The next season though, Gehrig's decline became immediately apparent. His batting average of .295 was the first time Lou hit under .300 since 1925, his first full season in the majors. Also, his 29 home runs were the first time the future Hall of Famer missed the 30-home run plateau since he hit 27 in 1928 (although he did bat .374 with 142 RBIs that year). Even still, Gehrig posted a very good .410 OBP, a .932 OPS, and 114 RBIs. For many (in any era) this would have been a very good — probably All-Star — season. But for the man who had made a career out of regularly posting historic numbers, this stat line was an indicaton of a serious and sudden decline.
By 1939 Gehrig was rendered totally unable to play the game he loved. Participating in only eight games before benching himself, Gehrig hit .143/.273/.416 and was reportedly disturbingly feeble in the field. The 6'0", 200-pound block of granite, at only 36 years old, had mysteriously lost every ounce of the coordination, skill, and strength that had made him a legend in his own time.

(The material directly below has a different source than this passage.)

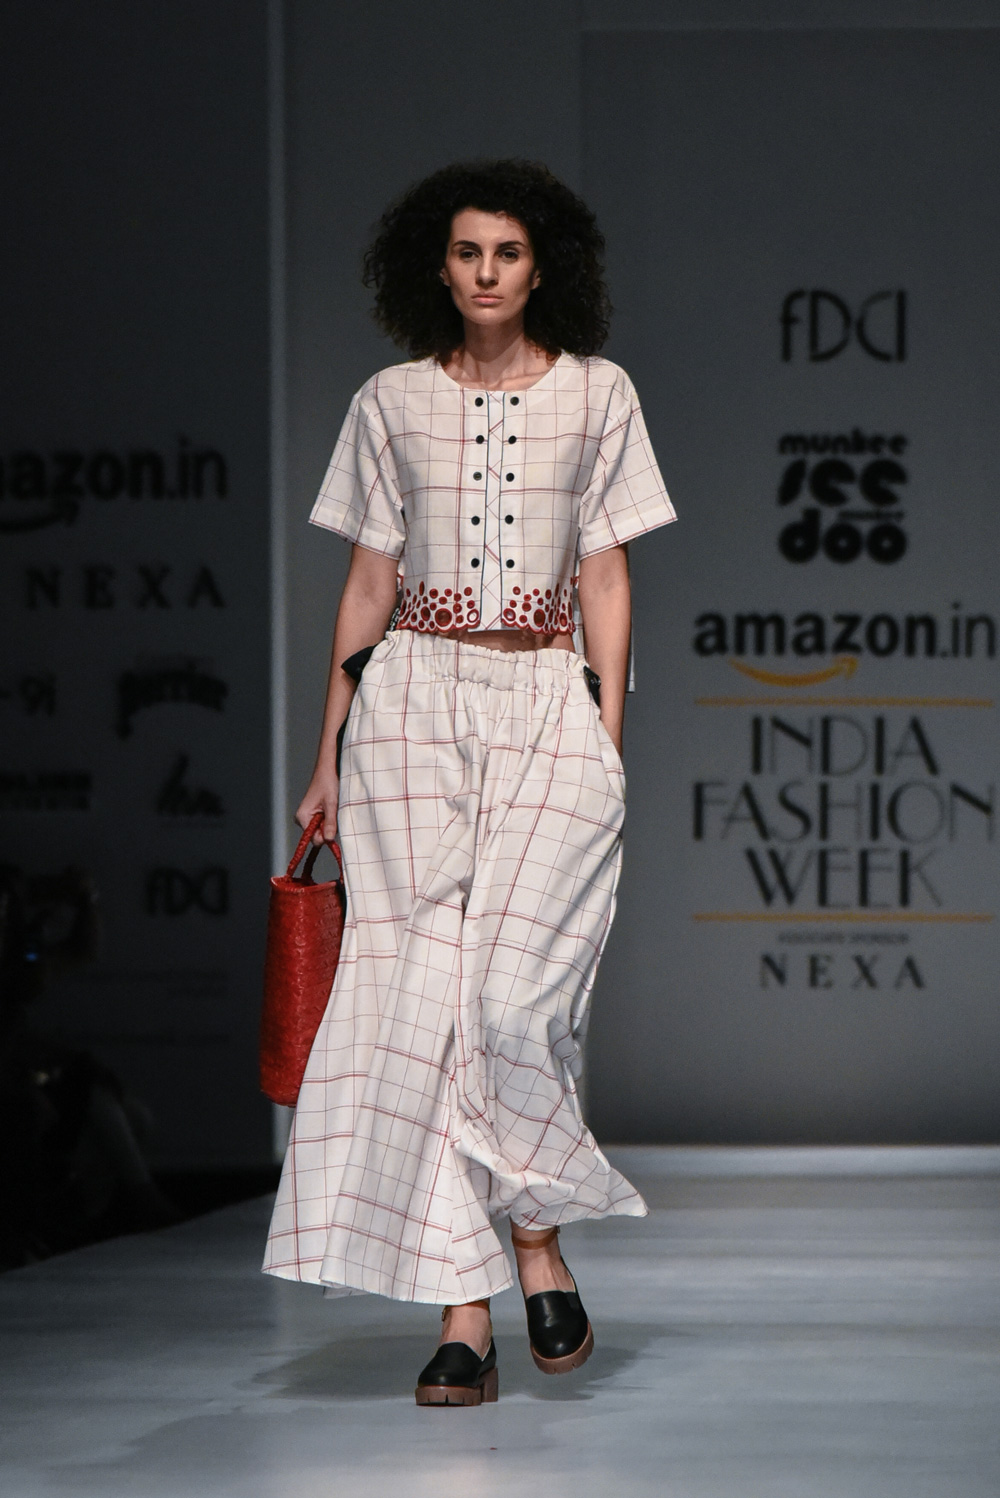 Munkee.See.Munkee.Doo FDCI Amazon India Fashion Week Spring Summer 2018 Look 1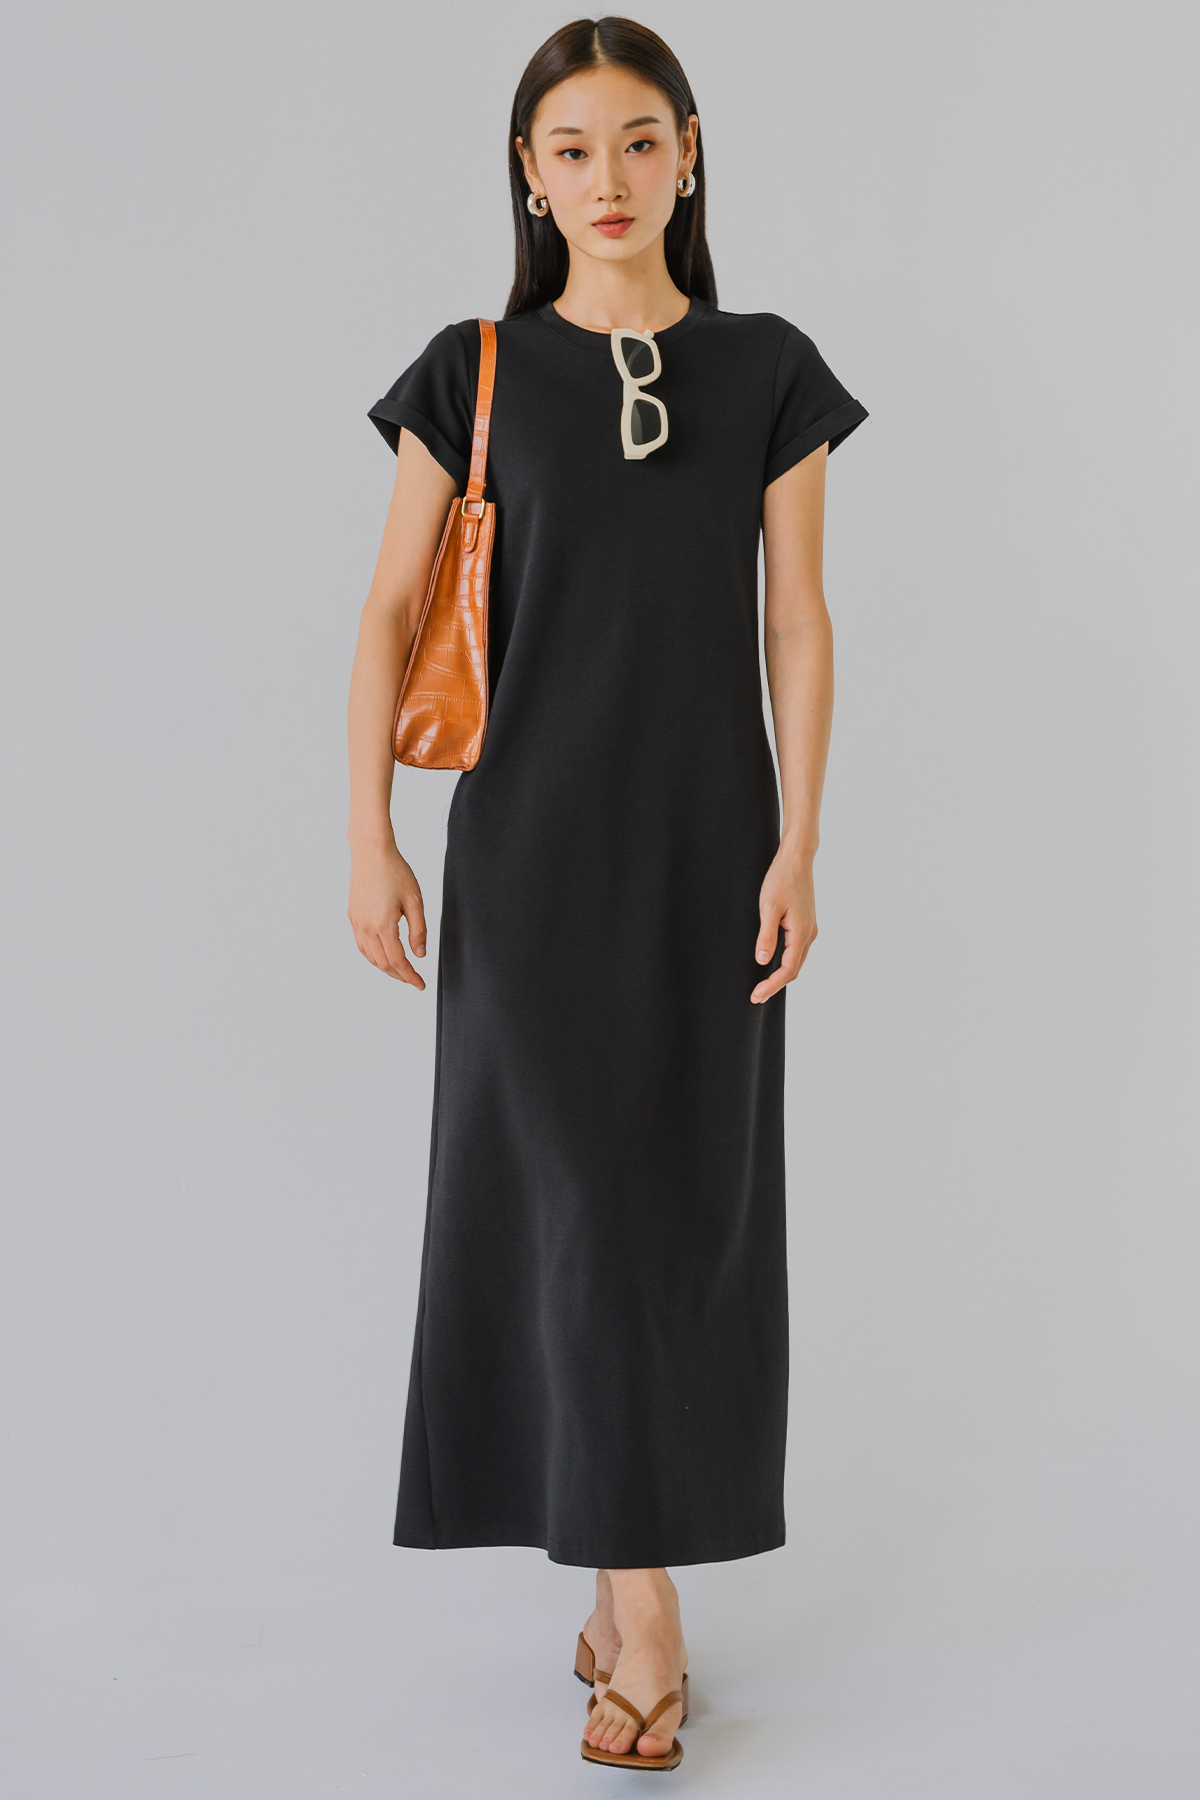 For Keeps Round Neck Midi Dress (Black)

From that point, the decline was sadly rapid. The Yankees announced Gehrig's retirement on June 21 and deemed July 4, 1939 Lou Gehrig Day. It would be Gehrig's final public appearance of note, but his image and his words are burned into the tapestry of baseball history forever. His articulation, a dying man calling himself the "luckiest man on the face of the earth" is still stirring today when one truly realizes how few athletes would show such selfless and self-aware grace in the face of imminent demise. Gehrig inspired with his bravery but also reinforced a moral that is usually riddled with the monotony of benign repetition. But seeing a once strong, virile athlete who performed seemingly inhuman feats upon the diamond, accepting his death and acknowledging his blessings even while confronting the limited span of his life is the manifestation of the moral that on some spiritual or psychological level is, at the very least, healthy for one's character and quality of life and at the most, an axiom of existence.
After his death on June 2, 1941, Lou's wife Eleanor Gehrig — never re-marrying — fought tirelessly in support of ALS research. But 70 years after that historic speech thrust ALS into the national consciousness, the battle is still being waged. As Major League Baseball uses its public profile to bring attention and hopefully funding, to help combat a still incurable disease that killed one of their own, July 4th, 2009 has proved a special day for both baseball and humanity, two entities that rarely see a cross section in the modern day, but never have been more connected than in the life of Henry Louis Gehrig.